During this post, I will refer to the current EVM as “legacy EVM”. This is just to make the distinction between the EOF EVM and the current EVM easier. It should not be read as “the current EVM is outdated”.

Advantages

EOF brings several advantages.

Stack To Deep

One common annoyance of Solidity programmers has been the stack too deep issue. Since the EVM only supports DUP1-DUP16 and SWAP1-SWAP16, opcodes to swap stack elements around, you can’t have more than 16 local variables or function parameters in Solidity. This has been a big annoyance for developers as they need to structure their code around this issue.

EOF introduces DUPN, SWAPN and EXCHANGE, three opcodes that take an 8-bit immediate which makes it possible to have up to 256 local variables or function parameters. However DUPN, SWAPN and EXCHANGE are not EOF exclusive, so they could easily be added to the normal EVM without EOF, they have been proposed before EOF.

Remove JUMPDEST analysis

Probably the biggest advantage of EOF is that the JUMPDEST analysis is performed at deploy time instead of at runtime. The JUMPDEST analysis checks which parts of the bytecode are data and which are valid jump destinations. This needs to be done, so that a JUMP opcode does not end up in the immediate of for example a PUSH32.

This JUMPDEST analysis can be cached in theory, but there have been attacks in the past where nodes could’ve been DOS’d by creating contracts with a lot of initcode over and over again. In order to combat these DOS issues, the maximum initcode size was introduced in EIP-3860.

In theory the JUMPDEST analysis limits the maximum size of a contract that can be deployed. In my opinion however, the max codes size can be increased significantly without running into these issues again. The DOS back then was because the initcode size was unlimited and EIP-3860 introduced additional gas costs for the JUMPDEST analysis.

Static program analysis

As long as the EVM contains non-static jumps, the analysis of a program is in the worst case O(n^2). EOF removes dynamic jumps which reduces the analysis to O(n) in the worst case.

I’m not convinced that that the difference is significant though, since EVM programs are inherently small in size. Even at the worst case of 24576 byte, the analysis needs ~600 million steps. Assuming 1000ns per step (which is quite a lot, for reference KECCAK takes <700ns on my machine) this can be analysis be done in 10 minutes.

Smaller program size

One advantage of EOF is smaller program size. The added structure of EOF allows compilers to optimize the way they’re structuring their code which might reduce the program size by 2-5% according to Charles Cooper from Vyper.

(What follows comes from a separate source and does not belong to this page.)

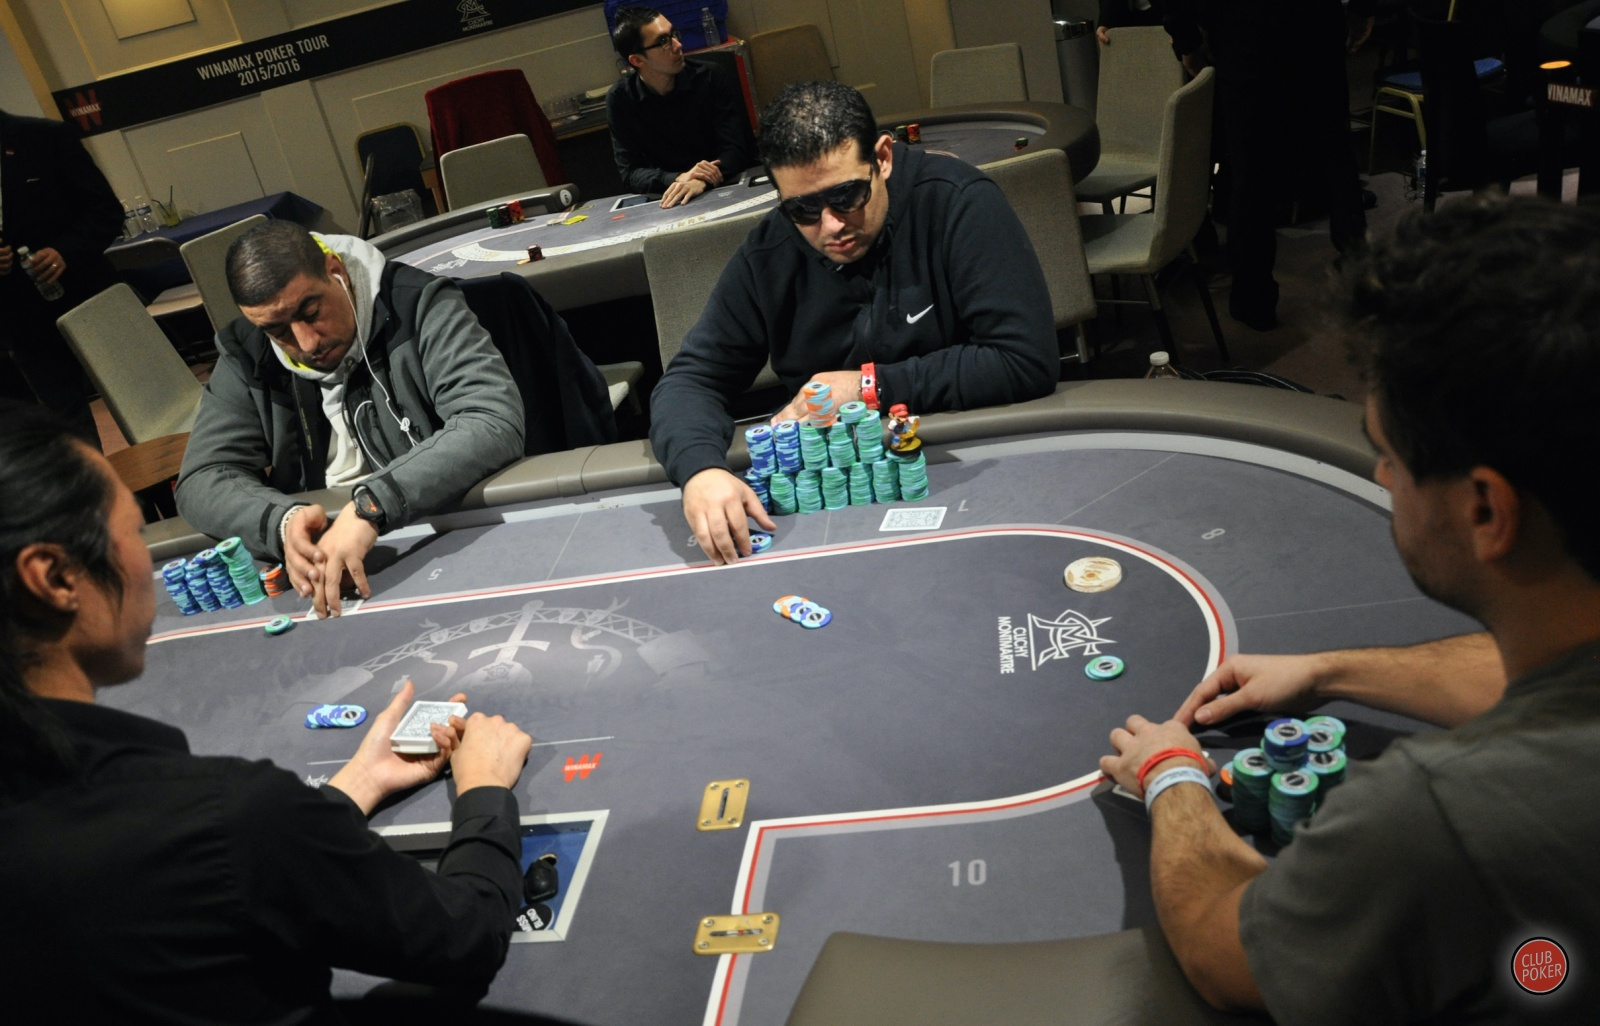 казино азино777 без депозита бонус

Move runtime checks to deploy time

EOF moves a lot of runtime checks to deploy time. For example the checks for stack overflow and stack underflow are done at deploy time. This would in theory make the execution faster.

There are two issues in practice that I see. We will still need to maintain the un-optimized opcodes for the legacy EVM, which means duplicating a lot of logic, once with the additional checks, once without. And the speed improvements for the average contracts are most likely miniscule since most of the latency of these checks is probably optimized away by the processor when loading memory.

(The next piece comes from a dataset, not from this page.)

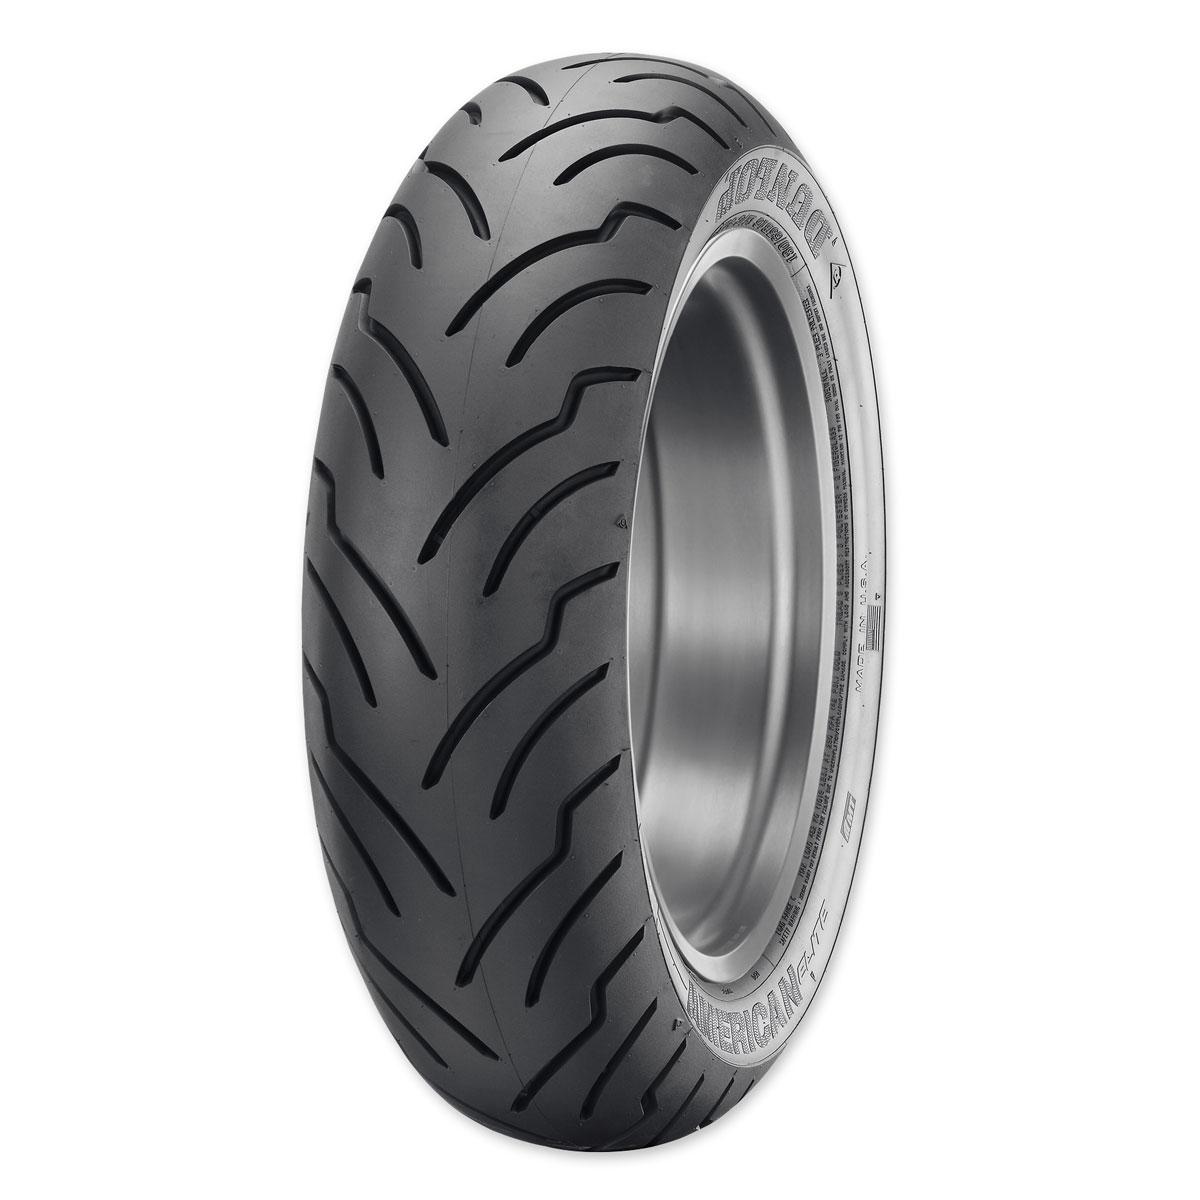 Dunlop American Elite 160/70B17 Rear Tire

I would really like to see the speed improvements of a mainnet block with and without these checks.

Address Space Extension

EOF does not allow for EXTCALL, EXTDELEGATECALL or EXTSTATICCALL to call addresses where the upper 12 bytes are set. This restriction allows to set some of these in the future as a bitmask for address space extension.

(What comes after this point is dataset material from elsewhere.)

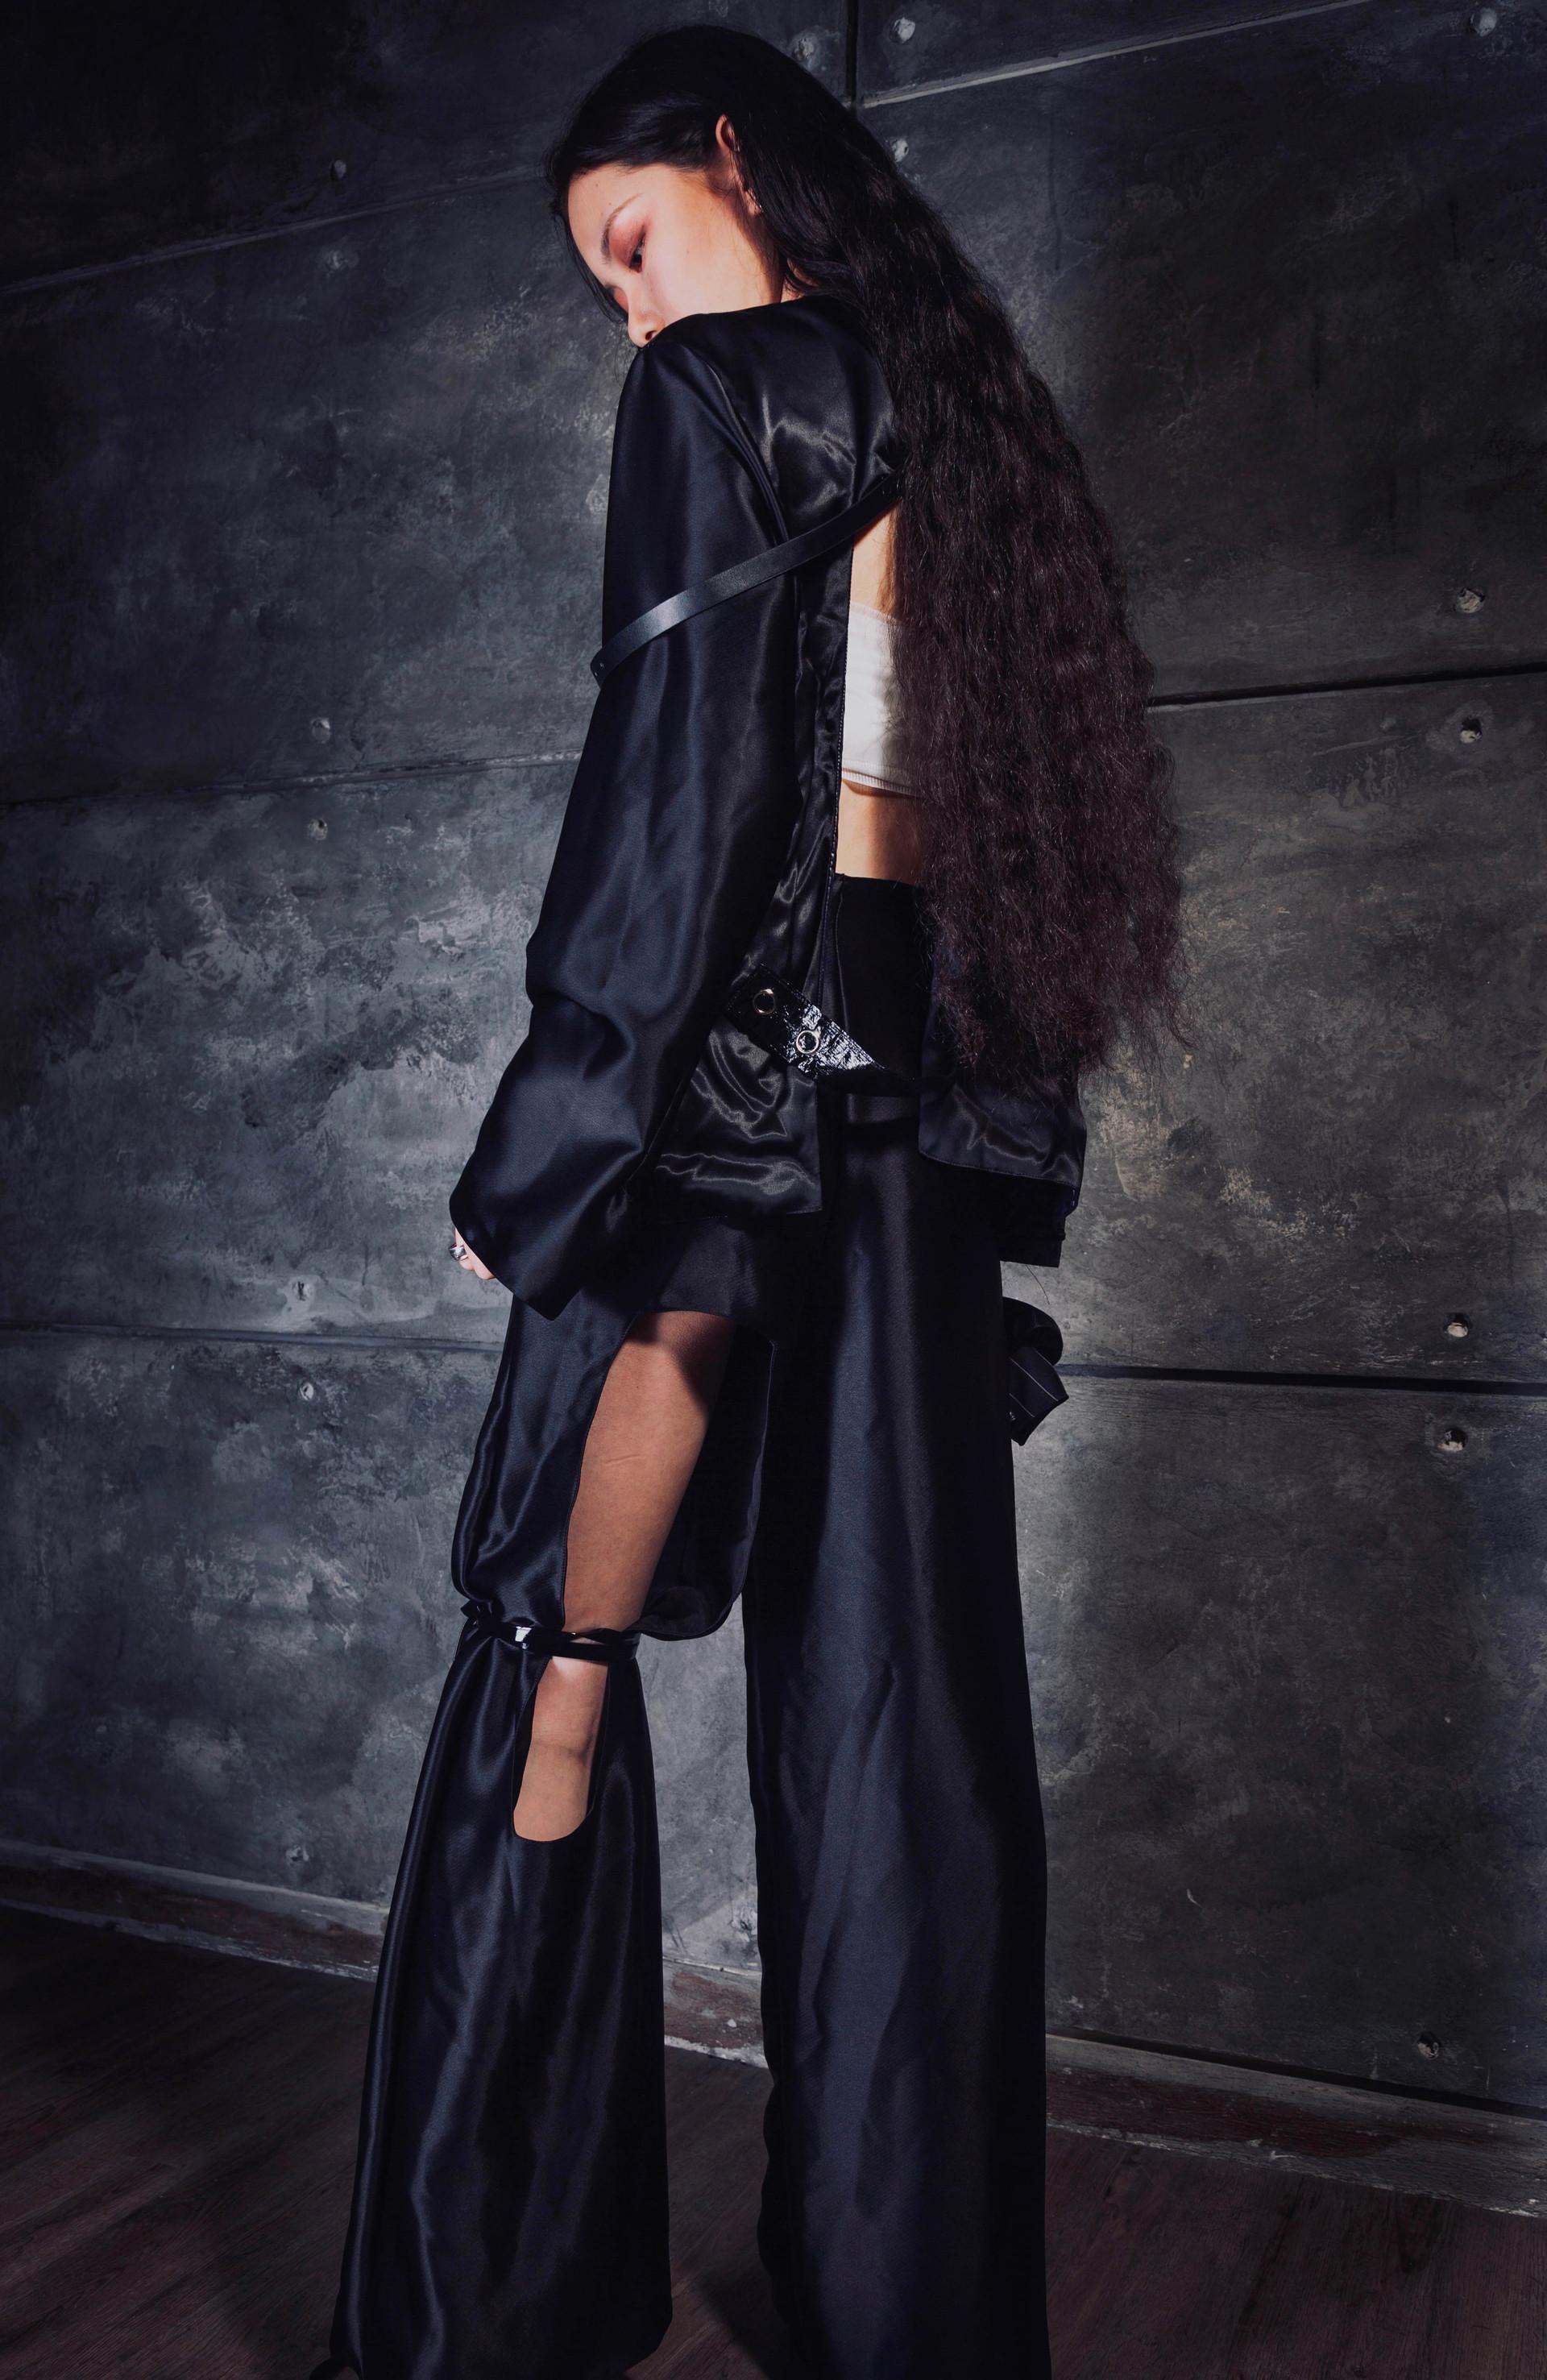 Design: Nadine Shu Styling: Nadine Shu Photograph: Alanis Santiago-Rodriguez Model: Vivian Li

However this is not required in legacy contracts, which makes it impossible to move to address space extension for the legacy evm anyway.

Gas and code observability

EOF also gets rid of the GAS opcode and replaces CALL, DELEGATECALL and STATICCALL with variants that do not allow the user to specify how much gas they would like to send with the call. This allows us to easier change gas prices for opcodes in the future. It also gets rid of all code inspection related opcodes for EOF, like CODEHASH, CODESIZE etc. Removing code introspection allow us to change or replace bytecode in the future, but I highly doubt that this will ever realistically happen.

I’m pretty sure that getting rid of gas observability will impact a few users, they can still work around this by calling into a legacy contract which does the gas observation.

Disadvantages

Now that I’ve talked about the advantages of EOF (and admittedly already gave some of my thoughts about it), I want to discuss some of the disadvantages of EOF that I see.

Complexity

The biggest issue I see is that EOF is extremely complex. It introduces RJUMP, RJUMPI, RJUMPV, CALLF, RETF, JUMPF, EOFCREATE, RETURNCONTRACT, DATALOAD, DATALOADN, DATASIZE, DATACOPY, DUPN, SWAPN, EXCHANGE, RETURNDATALOAD, EXTCALL, EXTDELEGATECALL and EXTSTATICCALL.

All-in-all EOF introduces 19 new opcodes. Additionally it removes 16 opcodes present in the existing EVM from EOF and changes the behavior of multiple opcodes in both versions. These changes have already resulted in two consensus issues in Besu and evmone (used by erigon) even before EOF made it to mainnet. Luckily these issues were found by Martin Holst Swende before they made it into a release.

All these new opcodes must be tested, especially because some of these (like EOFCREATE and RETURNCONTRACT) interact with each other.

Additionally EOF introduces the code and stack validation. This means that the code is verified before it’s being deployed. Therefore the code validity now becomes part of consensus which means that bugs in the code or stack validation will result in consensus bugs. Even worse, if the code and stack validation spec has a bug, a faulty contract could be deployed which would result in undefined behavior if called.

Impact analysis

As far as I know, no impact analysis was done yet. While compiler teams have indicated that they like the changes, they have not published any reliable numbers on gas reductions, code size decrease or potential speed increases.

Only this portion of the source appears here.